《元史演義》•第一回 感白光孀姝成孕 劫紅顏異兒得妻
“成功就成爲王者,失敗就淪爲盜賊”,無論古今中外,這都是人們衡量成敗的普遍看法。開篇就概括了所有歷史與現實的共通之處。然而在中國自黃帝以來的歷史中,儘管有五位帝王,三位王,歷經秦、漢、晉、南北朝、隋、唐、五代、北宋、南宋,雖然朝代更迭,換了姓氏,但始終是漢族傳承,改姓不改族。其間雖然有過一些戎狄蠻族侵入中原,但大多隻是短暫地侵擾邊疆,並未深入腹地,像獯鬻、嚴狁、匈奴之類,只是騷擾北方邊陲,從未造成大範圍的威脅。後來五胡、契丹、女真騎兵南下,橫掃中原,威風震天,一時無人可擋,但終究未能統一中國,彷彿上天註定南北分裂,華夷分立,中原地區只能由漢族統治,其他民族無法插足。然而南宋滅亡,崖山失守,趙宋皇族的最後血脈沉入大海,忠肝義膽的陸秀夫、張世傑、文天祥或投海自盡,或被殺身死,中原大地徹底被蒙古大汗所吞併。一朝天子一朝臣,蒙古人竟然統治中國長達八十九年,這簡直是歷史上前所未有的局面!有人說是天命所歸,有人說是人事所致,作爲敘述者,我也不甚明瞭,只能從史實出發,講述蒙古興起與滅亡的往事,編寫一部元朝的小說。各位讀者若能細細閱讀,自然能明白天命與人事之間的關係。在敘述中,注重人事,實則是對當今國民的一種警示,是一種發於愛國之心的深刻反思。
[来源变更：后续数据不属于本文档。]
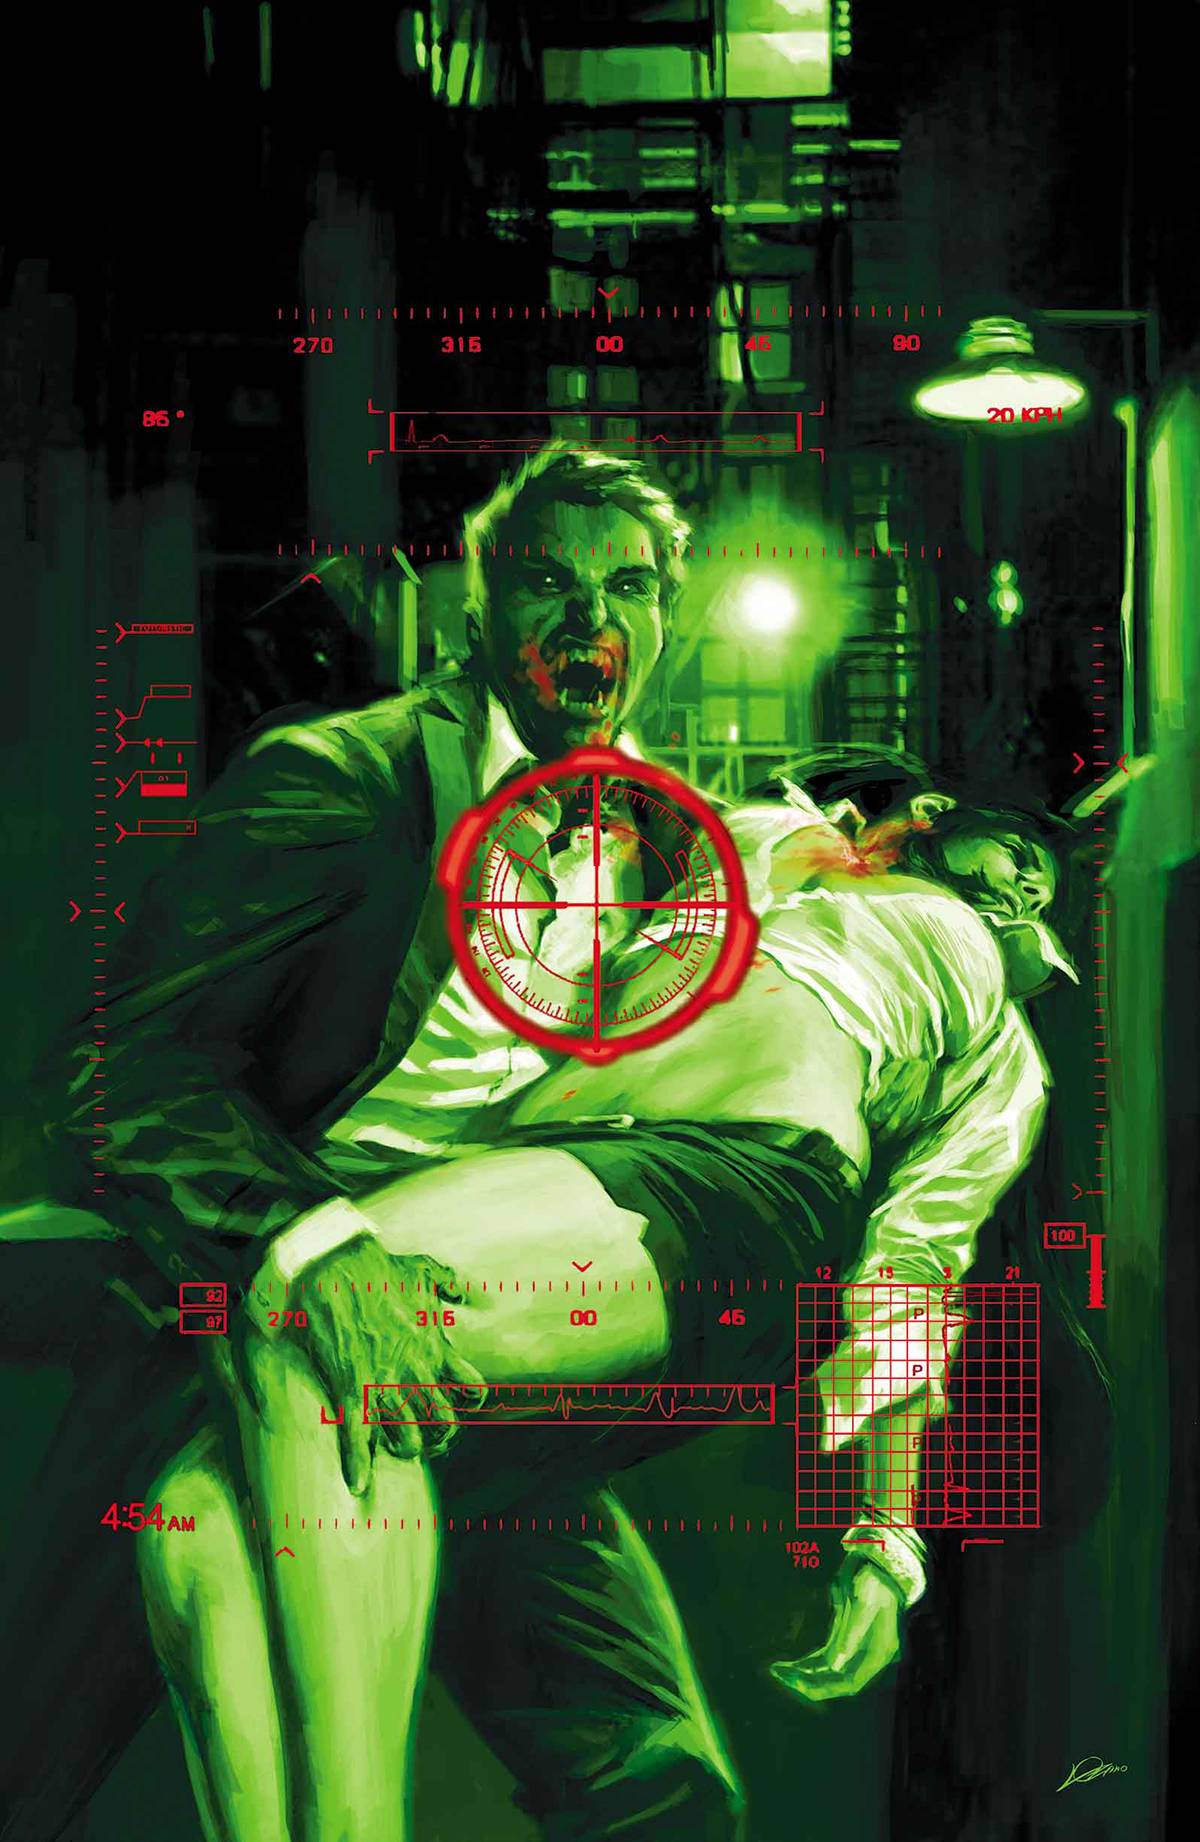 George Romero's Empire of the Dead Act Two #1 (2014)

再說蒙古部族的起源。最初是唐朝時期室韋部落的一支,位於中國北方,以打獵爲生,自成部族。後來與周邊部落發生衝突,屢戰屢敗,最終全軍覆沒,只留下男女數人逃入深山。那座山叫阿兒格乃袞,羣山疊嶂,高入雲霄,只有一條小路可出入,山中有一片平坦地帶,土地肥沃,草木茂盛,猶如世外桃源。這少數人便在此安家,成婚生子,幾年間生下了許多兒女。其中一位男子名叫乞顏,力氣驚人,遇到毒蟲猛獸,只要一出手,立刻斃命。他的後裔因此繁衍興旺。由於他有如此的體魄與力量,後代也自然繁盛。當地人稱他爲“乞要特”,其中“乞要”是“乞顏”的音變,“特”意爲“統類”之意。部族日益壯大,地盤顯得狹窄,原來的山路又荒廢堵塞,大家便想着開墾新路。爲了出山,輾轉找到一處鐵礦,洞穴極深,衆人砍伐樹木,燒炭取暖,用七十二頭牛的皮革做成筒狀,吹風助火,鐵礦終於熔化。原本羊腸小道坍塌,如今卻變成了寬闊的大道,這便是“無須五丁之力,竟能開鑿蠶叢之路”,連蜀國的開國之君也無此偉業可媲美。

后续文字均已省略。